After the tooth visualization in MR images, the regions of teeth with the surrounding bony structures need to be segmented for the purpose of 3D shape measurement and reconstruction. MR image segmentation has long been a question to the researchers in the field of medical imaging. The gold-standard approach for accurate and robust segmentation is to trace the object boundary manually. However, such manual segmentation is weakened by shortcomings, including labor-intensive, reproducibility errors, operator fatigue and bias. A number of semi- or fully automatic algorithms have been developed (Li, 2009, Balafar et al., 2010, Heimann and Delingette, 2010, Guo et al., 2017). Several methods were proposed to segment the vocal tract and specific articulator (i.e. tongue) from 2D MR images or static 3D MR images (Bresch and Narayanan, 2009, Peng et al., 2010, Vasconcelos et al., 2011, Raeesy et al., 2013, Harandi et al., 2014, Javed et al., 2016). Despite the relative success of the above techniques, the segmentation of tooth MR images faces numerous challenges: The tooth boundaries have many cartographic changes with some tissues inside the tooth which leads to appearance of inner edges that make segmentation more troublesome. The tooth shapes are varied in different slice and across different speakers, which makes the statistical shape modeling methods not be accurate enough. The upper jaw with the teeth connects other orofacial regions (e.g. varied nasal cavities). This results in the region-based methods could not suffice to delineate the object of interest. Therefore, the existing segmentation techniques may not be efficient for the challenges above, and so far the solutions presented in the previous literature for this task still largely rely on a manual delineation to guarantee the accuracy (Takemoto et al., 2004, Kitamura et al., 2011).

For the purpose of speech research, such as observation of articulatory movement and measurement of vocal tract shape, the obtained teeth are required to be superimposed onto the MR images during speech production.
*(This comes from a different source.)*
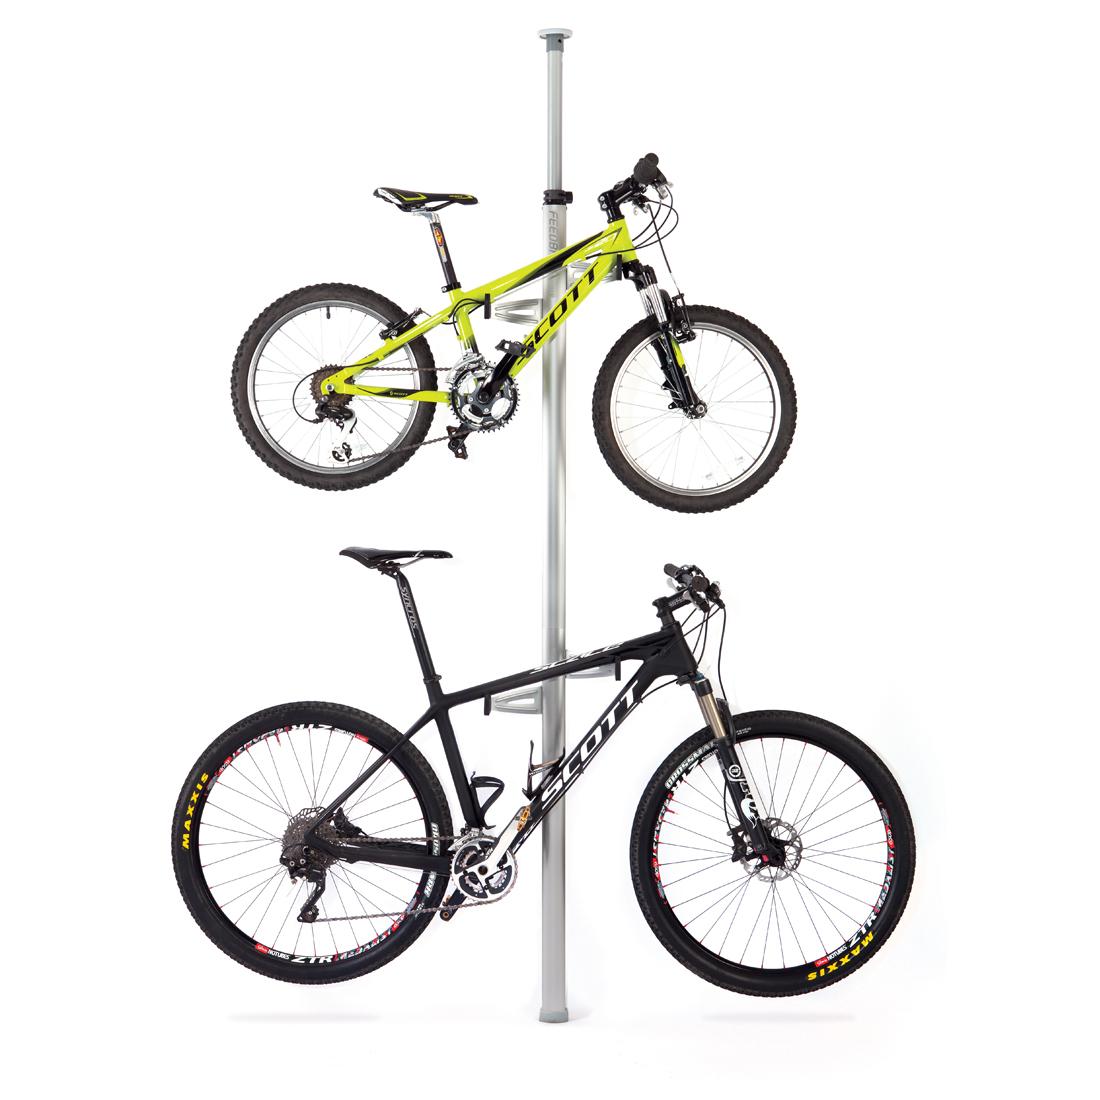 best bike storage solutions 2018 hooks racks and sheds cycling weekly. Black Bedroom Furniture Sets. Home Design Ideas

Ng et al., 2011, Ng et al., 2012) and Nunthayanon et al. (2015) superimposed the upper and lower incisor boundaries onto sequential 2D images of MRI movie using the landmarks along the cranium in the mid-sagittal plane. After the superimposition, the spatial-temporal relationship among articulators was evaluated during Japanese fricative and plosive articulation. Ventura et al. (2009) conducted the tooth superimposition using manual editing and pasting in the mid-sagittal plane for 3D vocal tract model reconstruction during the production of European Portuguese. Takemoto et al. (2004) superimposed the teeth via a 3D transformation by positional matching of point-based landmarks and measured vocal tract shapes during Japanese vowel production. Nevertheless, a notable problem is generally ignored among previous 2D and 3D tooth superimposition methods: the subject's head positions during tooth and articulation scanning can be varied in the 3D space. Consequently, tooth superimposition with rotation and translation only in the mid-sagittal plane is inadequate. For the 3D transformation, the use of the point-based landmarks may cause sampling errors within the slice thickness due to different slice locations of the head.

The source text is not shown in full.